The evidence is overwhelmingly against you, Oscar old chap. You’re eighty-six years old now, and many of us think that you are slowly becoming irrelevant, out-dated and just plain old boring. For something that’s meant to be the climax of a year of film, you seem to ride in on your high horse and declare this picture ‘the best’, and we should simply trust you with your decision. Well, despite this, I am not one of those people.

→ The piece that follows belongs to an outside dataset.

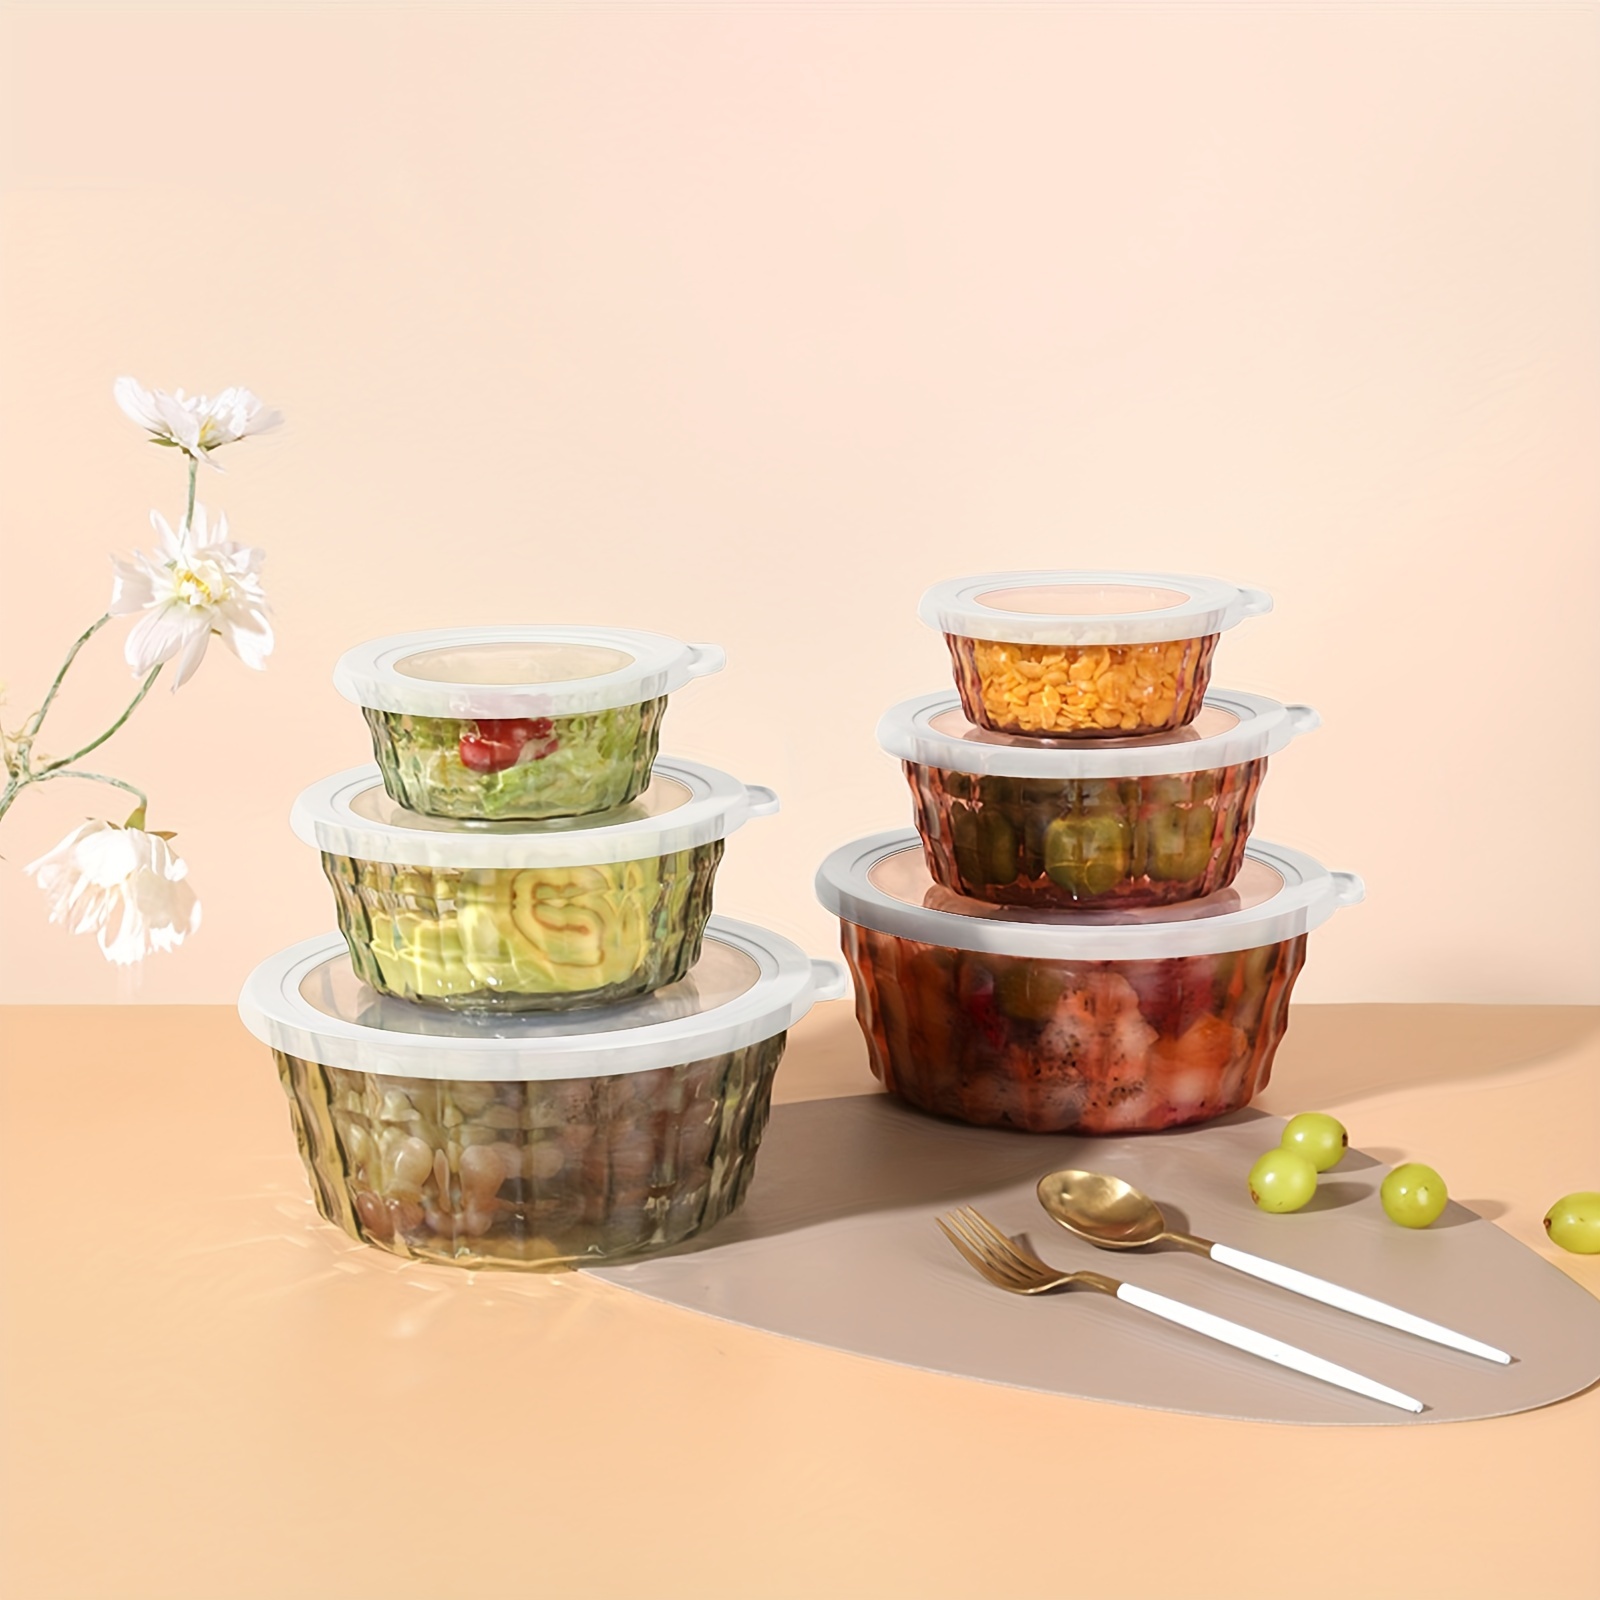 2pcs Ceramic Bowl Set With Lids Straight Mouth Bowl Serving Bowls With  Lids, Dessert Bowl,Food Storage Container, Porcelain Prep Bowl,Microwave &  Dish
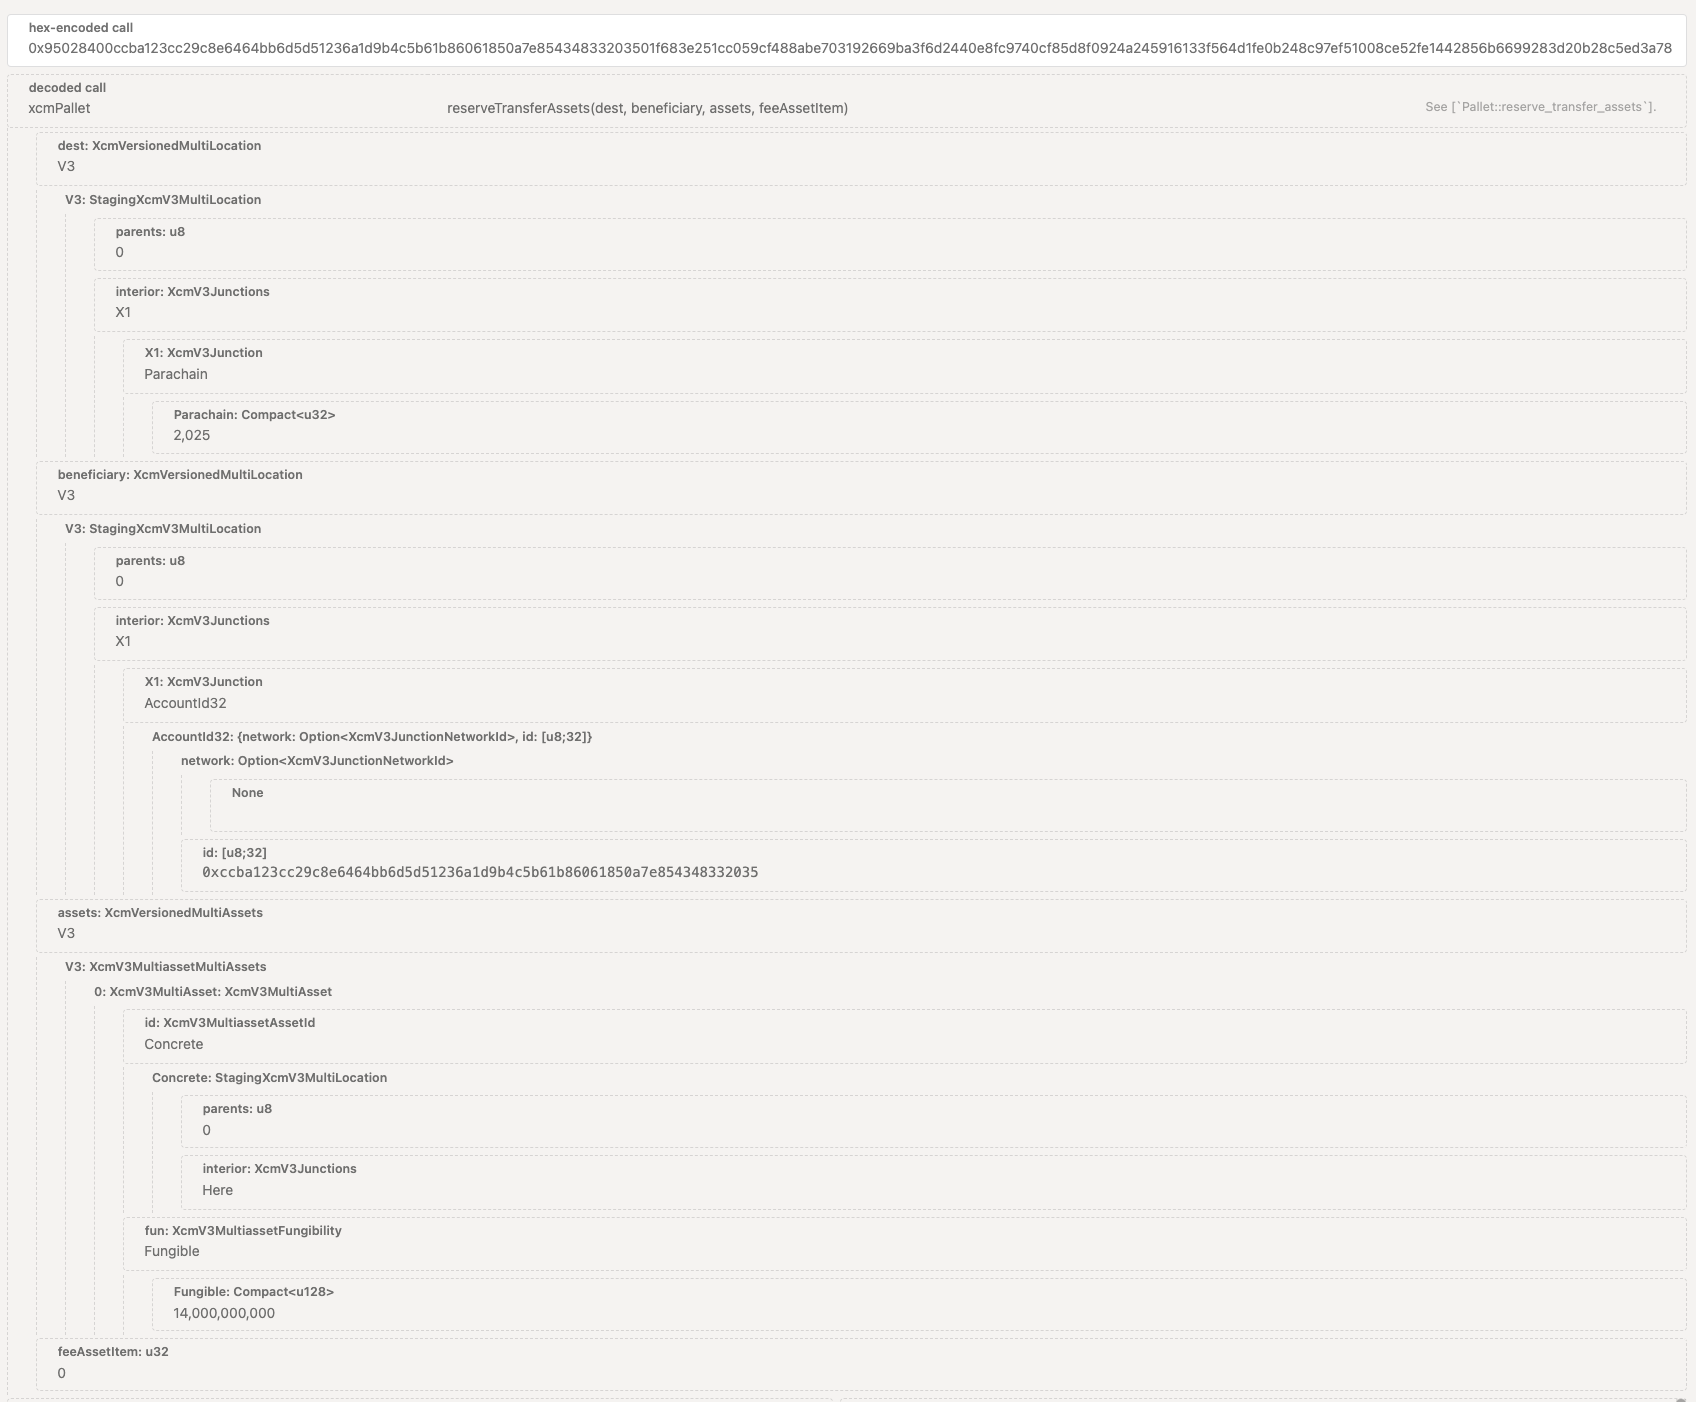 Imagen: Ejemplo de una transferencia de DOT al network Polkadot desde el mainnet de SORA

Yes, I know how could I? But this is the way I see it: In any sport you have your winners and your losers, your favourites, your enemies and the underdogs. We have World Cups where the front-runners get kicked out in the semi’s. We call foul and say it wasn’t fair. Where others say, Brazil lost 7-1, move on and get over it! So when it comes down to it, The Oscar Race is exactly that, a race. It’s brutal, it’s the real Hunger Games, and when your favourite loses, do you stop watching? Do you vow to never watch another film again? No, your favourite will still be your favourite, whether the Academy thinks it’s the ‘best’ or not. You don’t stop loving a film because it’s someone else’s number two. You try to convince that person that it’s the world’s number one. You argue your case, you take bets, you stand your ground, you have fun along the way, and at the end of the day, the movie will still start and end the way it always did, before the critics, or you, ever formed an opinion on it.
WRITTEN BY:
Thomas Riest @FilmFanaticZA
Comments (1)
Brenda Daniels says:March 4, 2015 12:45 pm
Dear Thomas,
I agree with you that the Oscar process is flawed. Films that win best picture should not necessarily have done so. However, when I look at the two lists you include in your article, I note that I have seen more in the first list than in the second. Our tastes are obviously different. But is personal taste a predictor of a good movie, a movie that will “stand the test of time” as you put it? A classic movie will surely have other important elements to it, like universal truths, realism, sensitive direction etc.